資料庫中，行被稱為記錄(record)或元組(Tuple)

Exercise 1

Implement the skeleton methods in:

• src/simpledb/TupleDesc.java
• src/simpledb/Tuple.java

At this point, your code should pass the unit tests TupleTest and TupleDescTest. At this point, modifyRecordId() should fail because you havn't implemented it yet.
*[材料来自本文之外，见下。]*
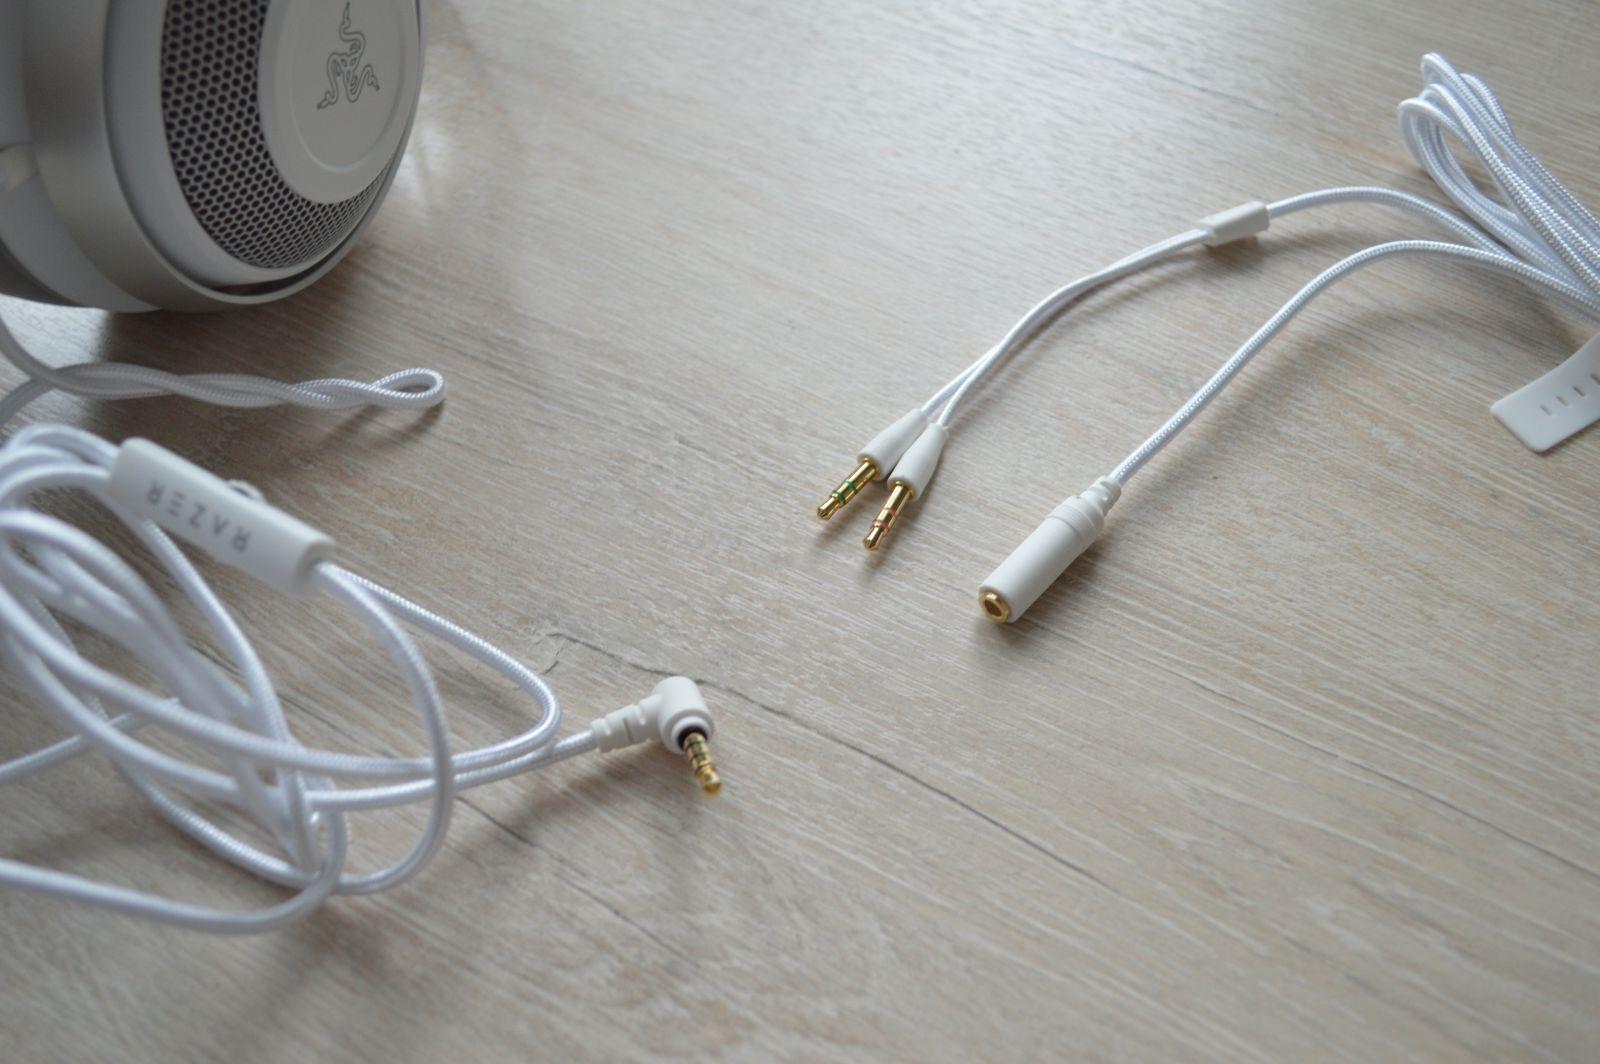 Razer Kraken провода

TupleDesc主要定義了Tuple結構，這裡是一個TDItem型別的陣列，一個TDItem物件包括fieldType和fieldName兩個屬性，通過這兩個屬性描述資料庫的行。

TupleDesc.java程式碼如下：

    private List<TDItem> descList;

    private int          fieldNum;


    public static class TDItem implements Serializable {

        private static final long serialVersionUID = 1L;

        /**
         * The type of the field
         * */
        public final Type         fieldType;

        /**
         * The name of the field
         * */
        public String             fieldName;

        public TDItem(Type t, String n) {
            this.fieldName = n;
            this.fieldType = t;
        }
    }


    public TupleDesc(Type[] typeAr, String[] fieldAr) {
        // some code goes here
        if (typeAr.length != fieldAr.length) {
            throw new IllegalArgumentException("The typeAr length must be equal than fieldAr length");
        }
        this.descList = new ArrayList<>(typeAr.length);
        this.fieldNum = typeAr.length;
        for (int i = 0; i < typeAr.length; i++) {
            final TDItem item = new TDItem(typeAr[i], fieldAr[i]);
            this.descList.add(item);
        }
    }

Tuple程式碼如下：

    private TupleDesc         tupleDesc;
    private Field[]           fields;
    private RecordId          recordId;


    public Tuple(TupleDesc td) {
        // some code goes here
        this.tupleDesc = td;
        this.fields = new Field[this.tupleDesc.numFields()];
    }


    public void setField(int i, Field f) {
        // some code goes here
        if (i >= this.tupleDesc.numFields()) {
            return;
        }
        this.fields[i] = f;
    }

2.3. Catalog

catalog類描述的是資料庫例項。包含了資料庫現有的表資訊以及表的schema資訊。現在需要實現新增新表的功能，以及從特定的表中提取資訊。提取資訊時通過表對應的TupleDesc物件決定操作的欄位型別和數量。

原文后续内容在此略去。